Web Analysis Using Analog

One of the many responsibilities of being a webmaster is keeping tabs on the traffic your site receives. This information can help when it comes time to update: you will know which pages are requested most often and which could use a little more promotion.

Analog is an open-source program that analyses log files from web servers, creating as many as 32 different reports. It works on many operating systems, including Linux, and supports 35 different languages. It's extremely flexible and fast. Its author is Stephen Turner, a Research fellow at Sidney Sussex College at the University of Cambridge. His research has to do with mathematical problems in communications networks, so he has a good solid background when it comes to log file analysis.

Analog's versatility can make it seem very complicated; it has over 200 configuration options. The number of choices is also what makes it very useful for hostmasters and webmasters alike.

A common question on the analog-help mail list is, “How do I setup Analog for virtual hosts?”. This article will cover setup for both virtual hosts and individual pages. In addition, I'll describe how to use configuration and script files to get monthly, hourly, daily and specialized reports.

I've used Analog for several years, first on a FreeBSD system; I was a dial-in customer curious about my personal web pages. Later, I used Analog with Win95/98, and now use it on a Linux system as a web administrator. An example of my publicly available log analysis setup can be found at http://vcsweb.com/logs/.

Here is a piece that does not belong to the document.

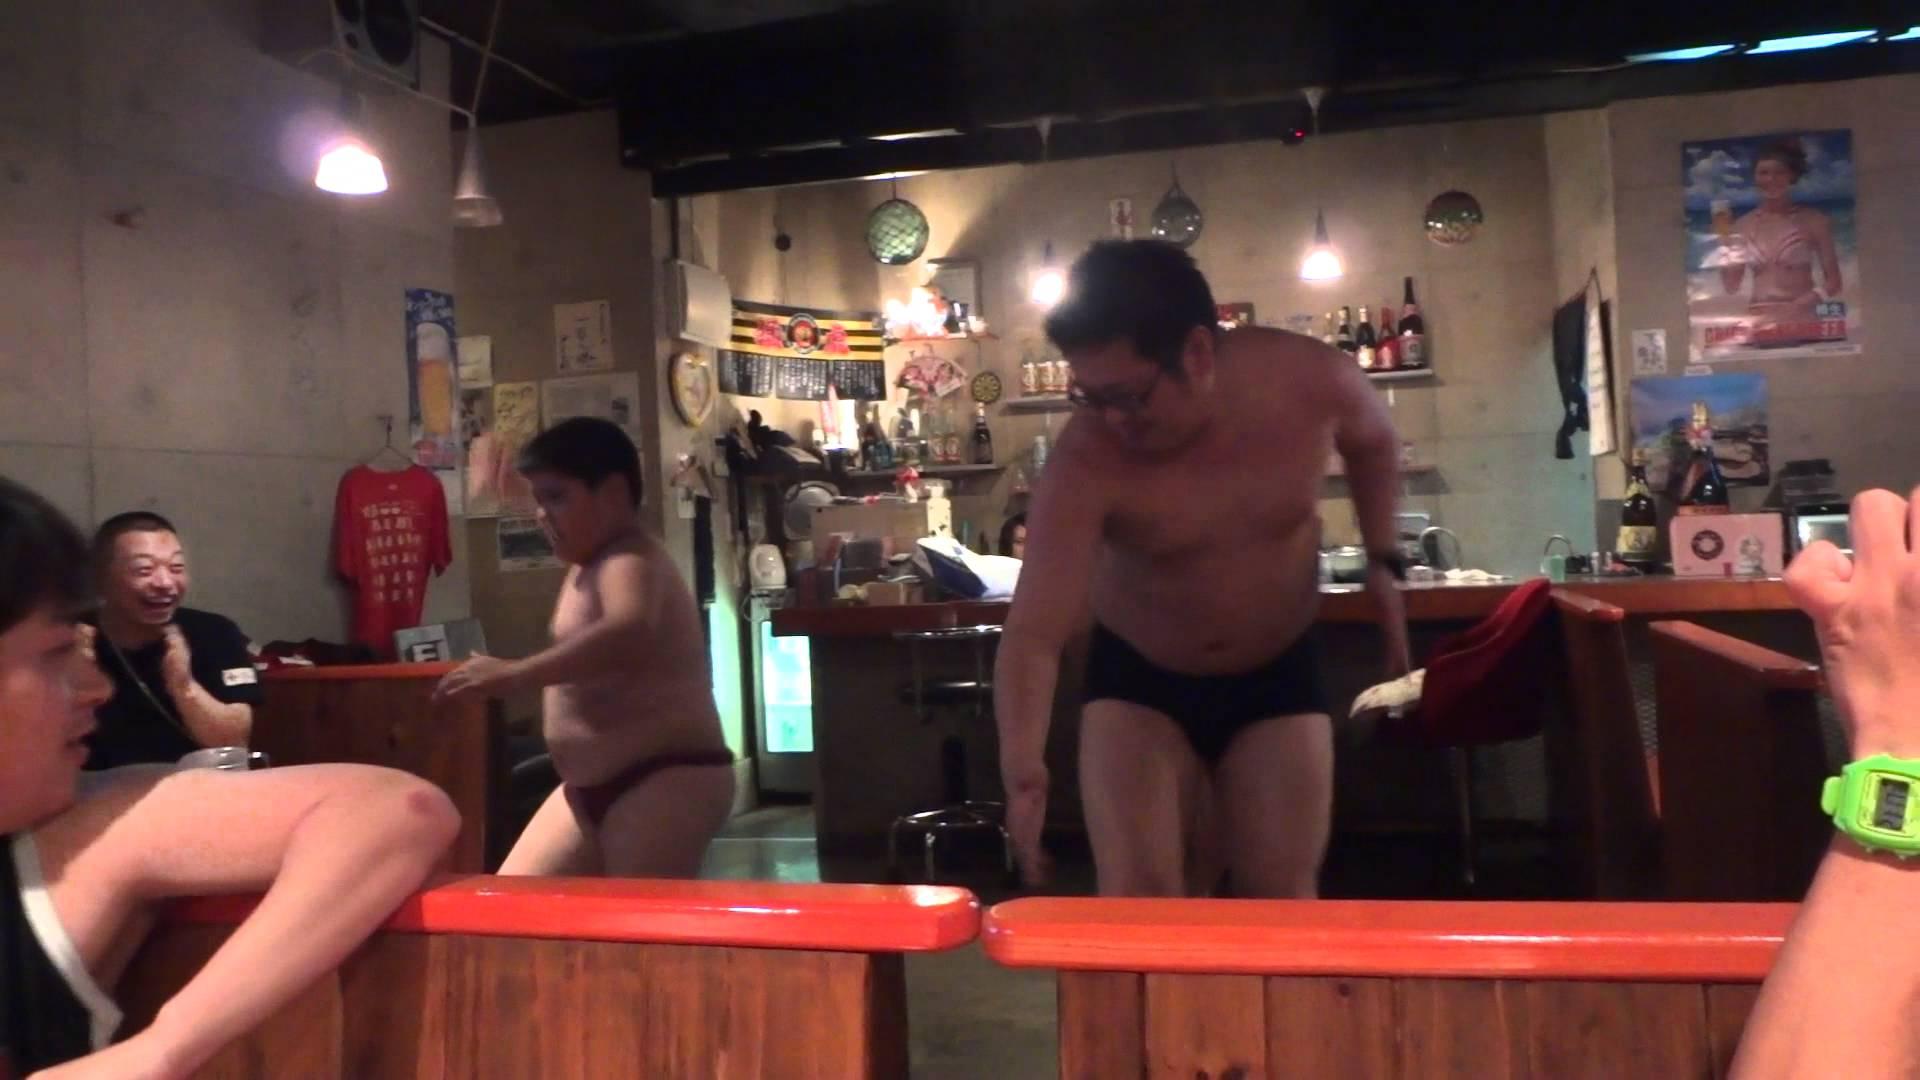 子分二人を引き連れたノンケのメガネデブ君の陽気に踊る姿を見る!

Analog is the type of program that no two users will use in the same way, due to the vast number of options, only the items I have experience with will be discussed.

Before delving into Analog's configuration files, it's important to understand what you can and can't learn about your site from log files. First, the log files should be considered only as an estimation of traffic. Log references aren't available when web pages have been accessed from either browser or ISP cache files. According to Analog's author, it's impossible to tell the number of distinct visitors or the total number of visits.

What we can learn varies, depending on what the web server writes to the logs. In general, this usually includes the computer name (or IP number) requesting information, whether the request was for a page (generally an HTML document) or another type of file, the status of the request, the time and date the request was made, and the number of bytes transferred. If the log file reports it, we can also learn which web site or page referred the visitor to our site and the browser they were using.

Analog's home page is at http://www.analog.cx/, and it can be downloaded from www.analog.cx/analog4.01.tar.gz. This web site also lists several mirror sites for the file.

Installation is rather painless: simply type make while in the analog4.01 directory. Several options can be set in the analhead.h file prior to using the make command, such as host or organization name, the log file path and name; I've found it more practical to use the configuration files for these items instead. The only item I needed to change in analhead.h was the directory path of /usr/local/etc/httpd to /etc/httpd so it matched my Red Hat Linux system, which allows me to use it from the /etc/httpd/analog directory.

It should be noted that Analog will work from any directory, as long as it can find its /lang directory. This can be accomplished by adding the language file and path name to Analog's configuration file(s), but for my use, it's easier to compile the program to the directory in which I want to work. When using the program as a single user, you can compile and use it from your home directory.

As a second step to installing Analog, I highly recommend viewing and bookmarking the local set of Analog's documentation in your favorite web browser. If you use Analog for creating HTML-format reports, this lets you have the documentation open in one browser window while viewing the reports you've generated in another. Analog isn't the type of program for which you can read the documentation from start to finish, create one configuration file and quit. Rather, the documentation provides information on each of its over 200 commands; you experiment to find the settings that suit your preferences.